Information in this document is not intended to treat, diagnose, cure or prevent any disease.  This information is not intended as a substitute for the advice or medical care of a qualified health care professional and you should seek the advice of your health care professional before undertaking any dietary or lifestyle changes.  Please understand that you assume all risks from use, non use and misuse of this information.  The material in this document is for educational purposes only.

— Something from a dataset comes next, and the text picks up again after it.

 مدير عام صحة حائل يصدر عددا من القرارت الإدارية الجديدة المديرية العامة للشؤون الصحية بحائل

Osteoporosis & Woman’s Health

Osteoporosis and the broken bones it can cause are not part of normal aging.
IMG_8401Photo by

Our bones are constantly being remodeled, with bone tissue being broken down and rebuilt on a regular basis. It is much like the natural removal of dead skin to make way for new skin. Peak bone mass usually happens between the ages of 18 and 25. The more bone you have at the time of peak bone mass, the less likely you are to break a bone or get osteoporosis later in life [1].

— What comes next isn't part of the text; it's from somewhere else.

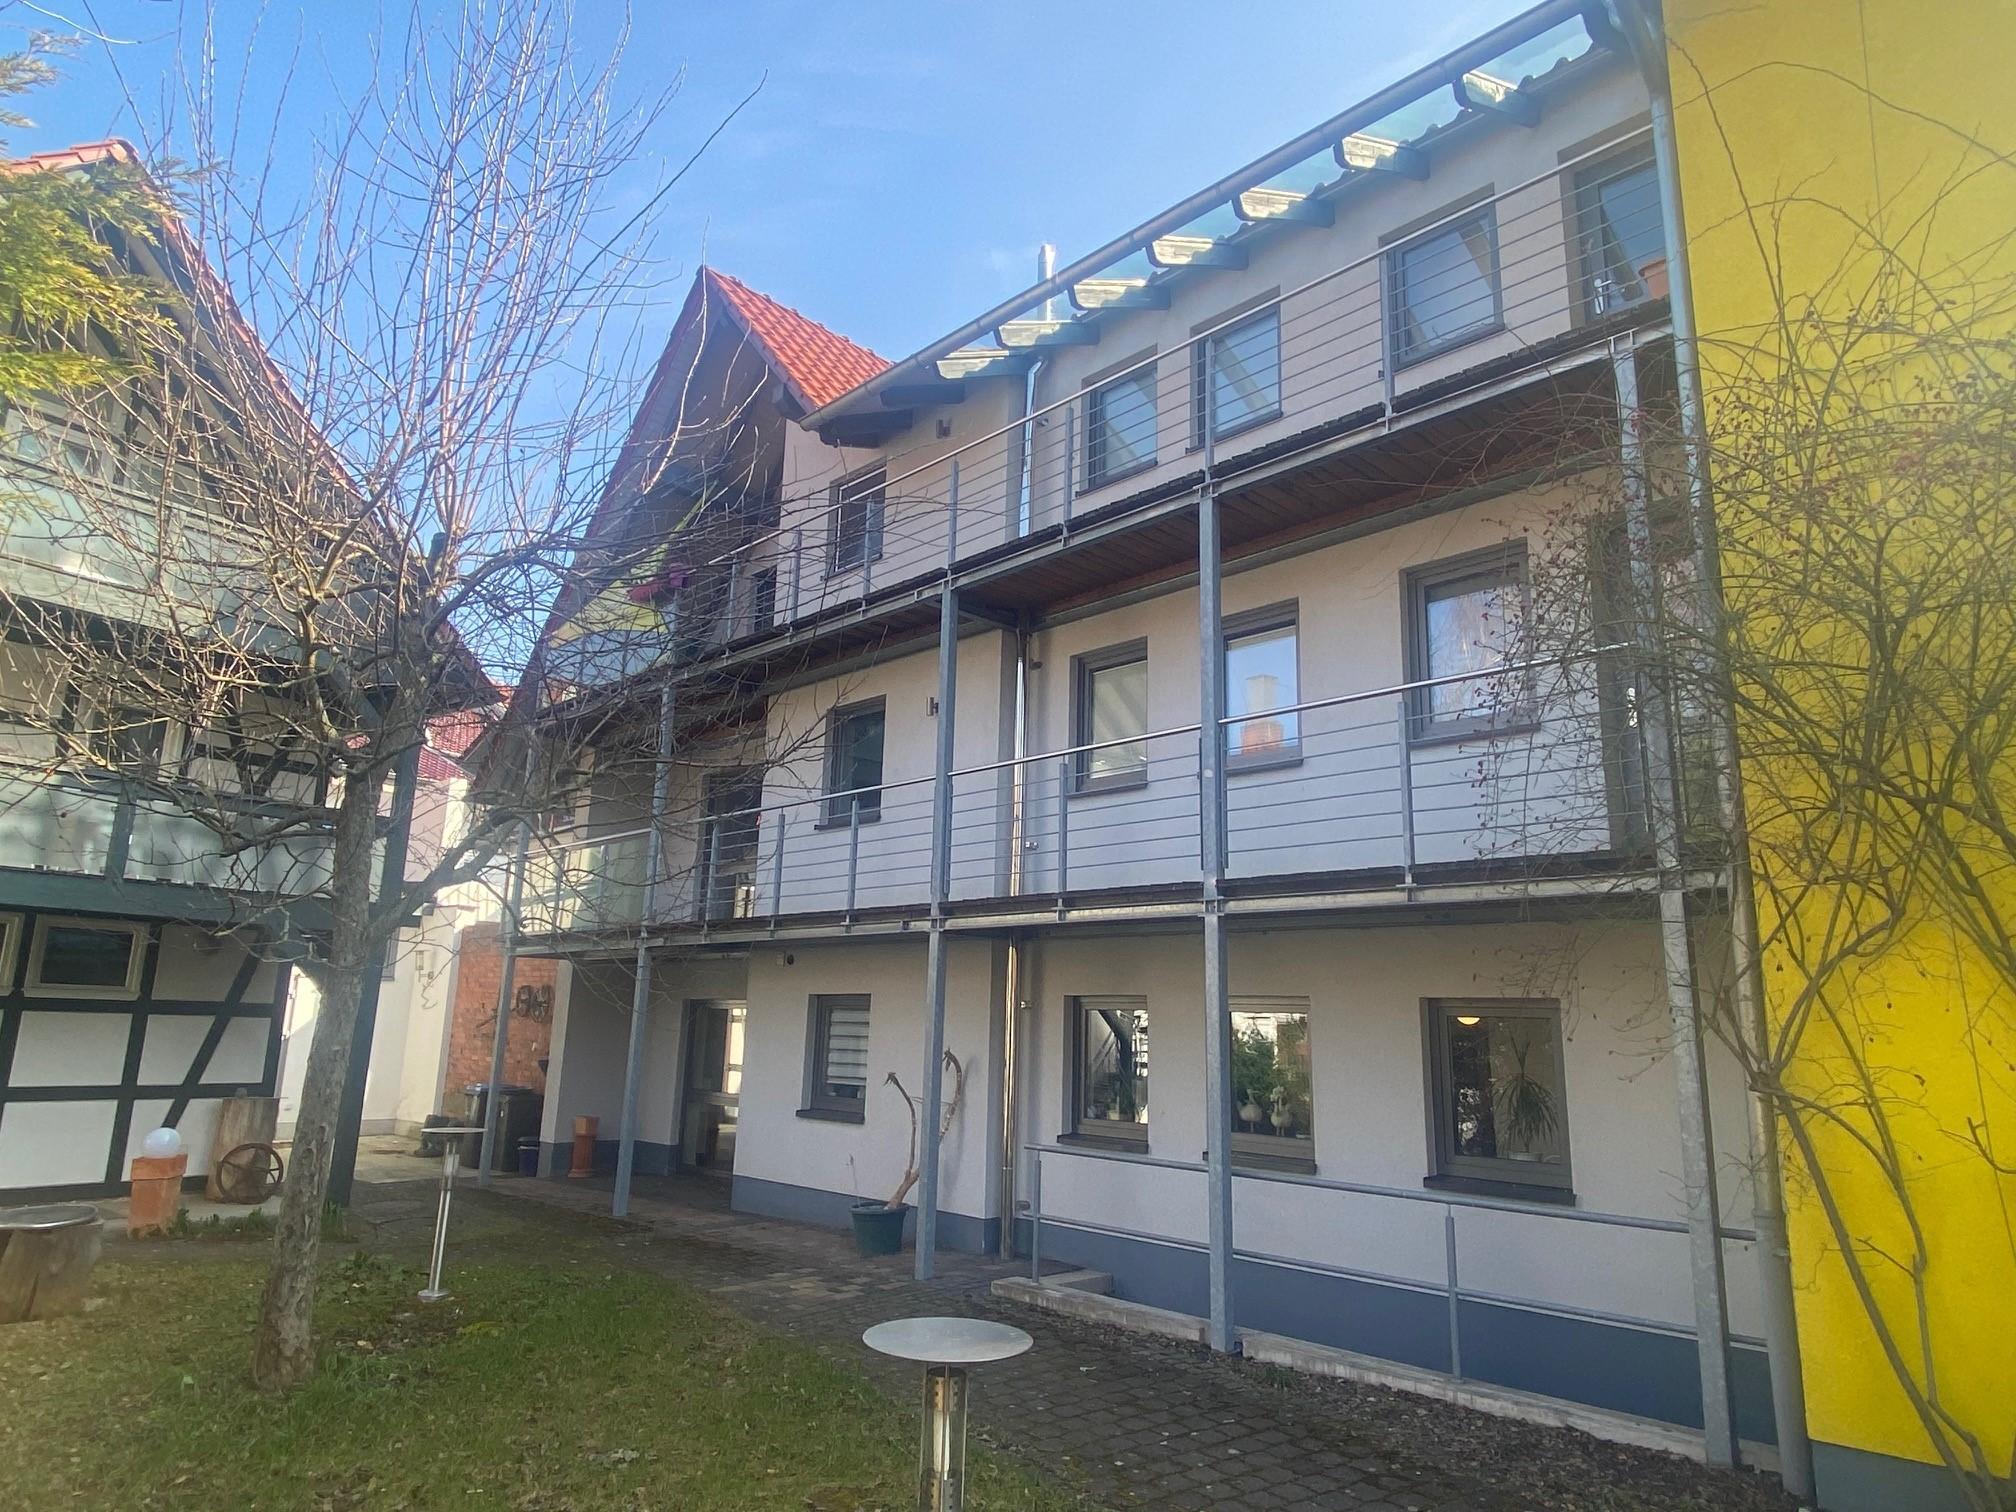 Schöne 2-Zimmer Wohnung im Herzen von Heiligenstadt zu vermieten

Bone density (the degree of mineralization of the bone matrix) usually increases until about the age of 30, but after that, trouble can begin. For women, that bone loss speeds up significantly during the first 10 years after menopause when estrogen levels drop sharply. In fact, in the five to seven years after menopause, which is the rapid bone loss period when osteoporosis often develops, women can lose up to 20 percent or more of their bone density. But the loss of bone minerals continues throughout the rest of a person’s life. Osteoporosis sets in when more bone is lost than can be rebuilt. Eventually, bones become brittle and easily fractured.

Did you know…

Healthy teeth and healthy bones go together naturally. If you have osteoporosis, you may have a higher risk of losing your teeth. When your jawbone becomes less dense, teeth can loosen. In fact, women with osteoporosis tend to have fewer teeth than women with normal bone density.

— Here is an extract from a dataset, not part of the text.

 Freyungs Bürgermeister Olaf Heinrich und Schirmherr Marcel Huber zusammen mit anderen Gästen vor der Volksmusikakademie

Osteoporosis can be influenced by the following risk factors:

  • Genetics – Women are more at risk.
  • Inactivity – A sedentary lifestyle promotes bone loss as well as muscle loss.
  • Smoking [2] – The longer you smoke and the more cigarettes you consume, the greater your risk of fracture in old age.
  • Menopause [3] and increased belly fat – The study in Journal Bone [4] revealed that women with a body mass index (BMI) of 30 – which is considered overweight, with more belly fat had increased bone marrow fat and lowered bone density.
  • High-acid diet – (high in animal protein and grains, low in vegetables and fruit) causes an increase in urinary excretion of calcium, leading to bone loss.
  • High consumption of animal protein – Some studies have shown that a diet high in animal protein actually promotes bone loss by leaching calcium from the bones
  • Lack of Vitamin D, K2, Calcium – For the calcium to bind and ultimately become bone, it requires the services of vitamins K-2 and D-3. One study followed over 72,000 women for 10 years. It was found that women who had the lowest intake of vitamin K-2 had a 30% higher risk of hip fractures. Women who had the highest intake of vitamin K-2 had a 65% lower incidence of hip fractures [5].
  • Excessive alcohol intake – due to the diuretic effect of alcohol, which induces calcium losses through the urine. Alcohol can also decrease the absorption of calcium from the intestines and cause deficiencies in vitamin D and magnesium – both of which are important to bone health.
  • Colas and coffee [6] – due to caffeine intake and phosphoric acid in cola that leaches calcium out of the bone.

There is a lot you can do to protect your bones throughout your life.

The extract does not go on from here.